= Mathematics Anxiety Rating Scale =

Rating scale for assessing math anxiety

The Mathematics Anxiety Rating Scale (MARS) is a rating scale used to diagnose mathematical anxiety and test the effectiveness of different math anxiety treatment approaches. It is available in several different lengths, and for different age groups. MARS and its subtest R-MARS are considered to be the educational standard for measuring math anxiety.

== Original scale ==
The original Mathematics Anxiety Rating Scale was introduced in 1972 by Frank Richardson and Richard Suinn. It focuses on identifying anxiety surrounding the manipulation of numbers, and use of mathematical concepts. Its original intended use was for treatment and research of math anxiety, development of an anxiety hierarchy in desensitization treatments.

The MARS is rating scale composed of brief descriptions of situations that might lead to different levels of anxiety in clients. Clients are asked to rate the situations on a likert-scale of 1 to 5. Answers of 1 represent a client might feel "not at all anxious" while a 5 indicates a feeling of "very much" anxious. There are 98-items in total, with diverse kinds of situations included. The range of questions allows the rating scale to be used in a wide variety of clients, students and non-students alike.

A total math anxiety score is found by adding together the values of each answer in the rating scale. A high score value represents high levels of math anxiety.

The MARS identifies six distinct factors of math anxiety: General Evaluation Anxiety, Everyday Numerical Anxiety, Passive Observation Anxiety, Performance Anxiety, Mathematics-Test Anxiety, and Problem Solving Anxiety.

General Evaluation Anxiety

General Evaluation Anxiety on the MARS revolves around apprehension over the completion of math related tasks. These include explicit references to taking math assessments and completing homework, along with reading math textbooks, preparing for assessments, and listening to lectures. This reflects evaluation in its most broad form, and may include skills not specific to math.

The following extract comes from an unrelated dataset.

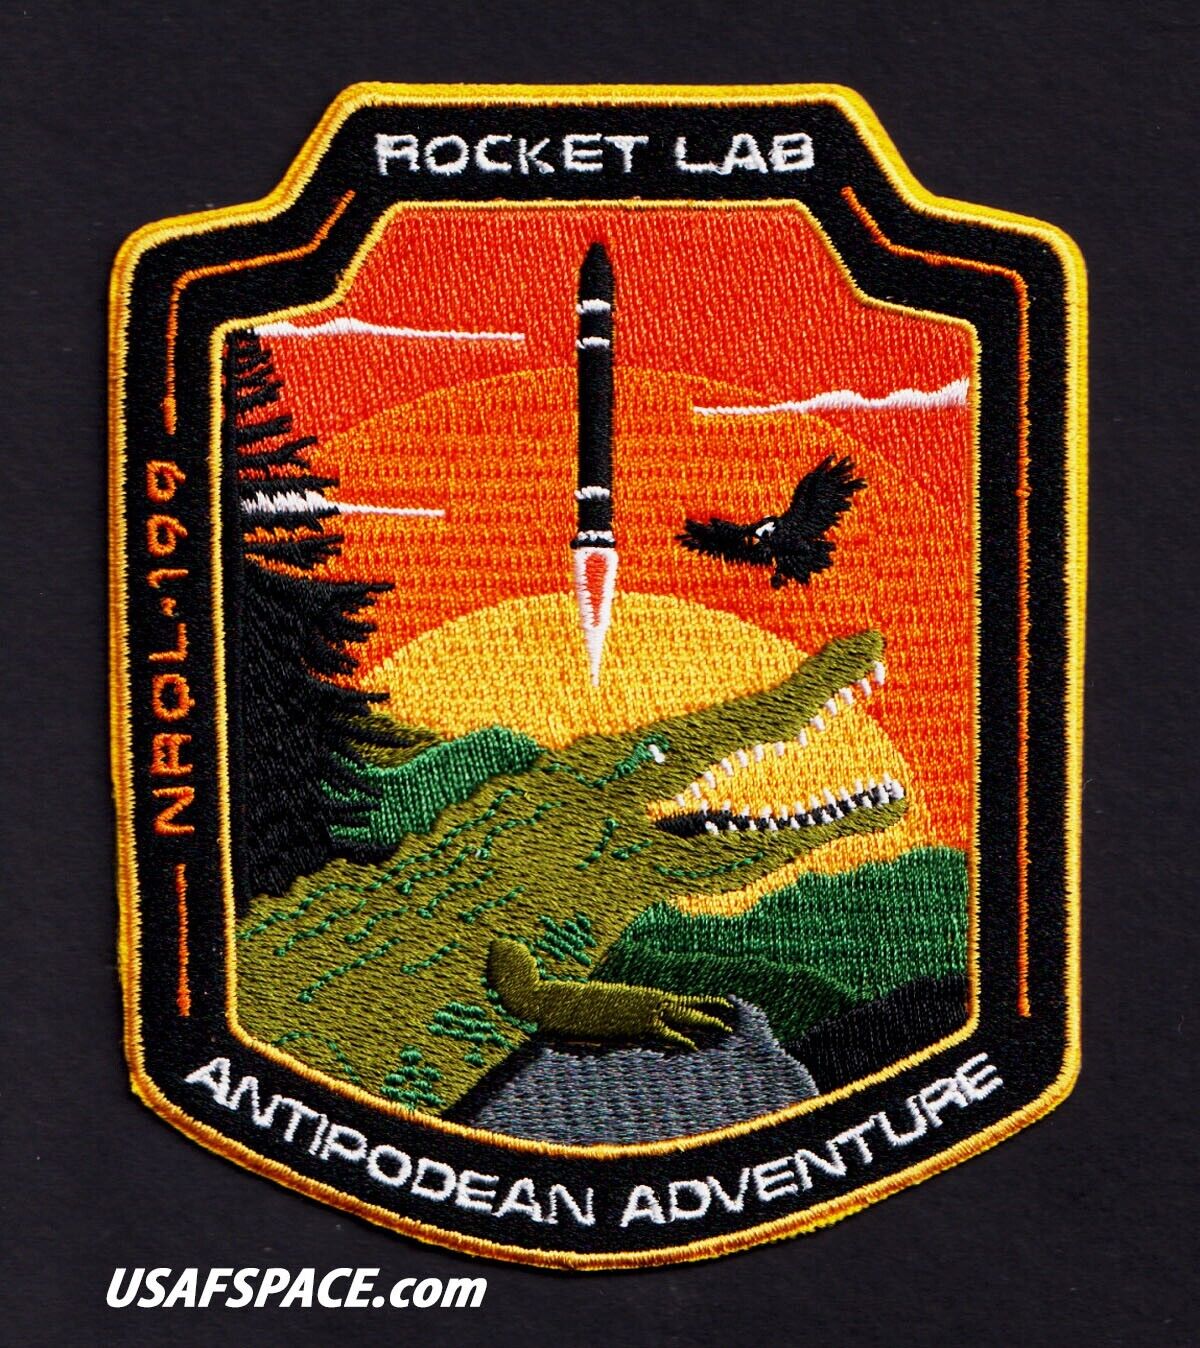 ROCKET LAB 29 -NROL-199- ELECTRON -NRO Classified SATELLITE Mission SPACE PATCH

Everyday Numerical Anxiety

Everyday Numerical Anxiety speaks to an experience of math anxiety caused by performing basic arithmetic to execute daily financial affairs (ex: budgeting).

Passive Observation Anxiety

Passive Observation Anxiety is associated with watching, waiting, and listening while others act. These kind of conditions can support feelings of distance from a particular learning task, which then heightens the feelings of anxiety.

Performance Anxiety

Performance Anxiety is concerned with being observed by others while performing basic arithmetic.

Mathematics-Test Anxiety

Mathematics-Test Anxiety references anxiety specifically around mathematics assessments.

Problem Solving Anxiety

Problem Solving Anxiety deals with anxiety around several types of problem solving contexts and processes (ie: Algebra, Fractions, etc).

The overlapping nature of these factors strengthen the idea that math anxiety is a multi-dimensional issue.

== Psychometric data ==
In their initial publications, Richardson and Suinn presented the normative data, including a mean score of 215.38 with a standard deviation of 65.29, collected from 397 college students at a large state university in Missouri.

For test-retest reliability, the Pearson product-moment correlation coefficient was used and a score of 0.85 was calculated. This is comparable to scores found on other contemporary anxiety tests. In terms of internal reliability, an internal consistency reliability coefficient was .97, which indicates the test itself is highly reliable and dominated by one homogenous factor. Several different studies were used to support the validity of the tool.

The Differential Aptitude Test, a 10-minute math test including simple to complex problems. Calculation between the MARS test and Differential Aptitude Test scores was −0.64 (p < .01), indicating that higher MARS scores relate to lower math test scores. Since high anxiety interferes with performance, and poor performance produces anxiety, this result provides evidence that the MARS does measure mathematics anxiety.

== Revised Mathematics Anxiety Rating Scale (R-MARS) ==
In 1989, an abbreviated version of the Math Anxiety Rating Scale was developed by Alexander Livingston and Carl Martray. The R-MARS reduces the original MARS down to 25 questions, while maintaining internal consistency. The R-MARS measures the amount of mathematics anxiety students typically experience. There are three sub-scales the assessment measures: Mathematics Test Anxiety, Numerical Task Anxiety, and Mathematics Course Anxiety.

== Mathematics Anxiety Rating Scale - Elementary Form (MARS-E) ==
In 1988, the 26 item Suinn Mathematics Anxiety Rating Scale, Elementary Form (MARS-E) was released. Like the MARS, the test is designed to assess the degree of anxiety testers may experience in given math situations. The test was designed for children from ages 10 through adolescence, rather than the adult populations the MARS was designed for. The MARS-E deals with two factors: mathematics test anxiety and mathematics performance evaluation anxiety.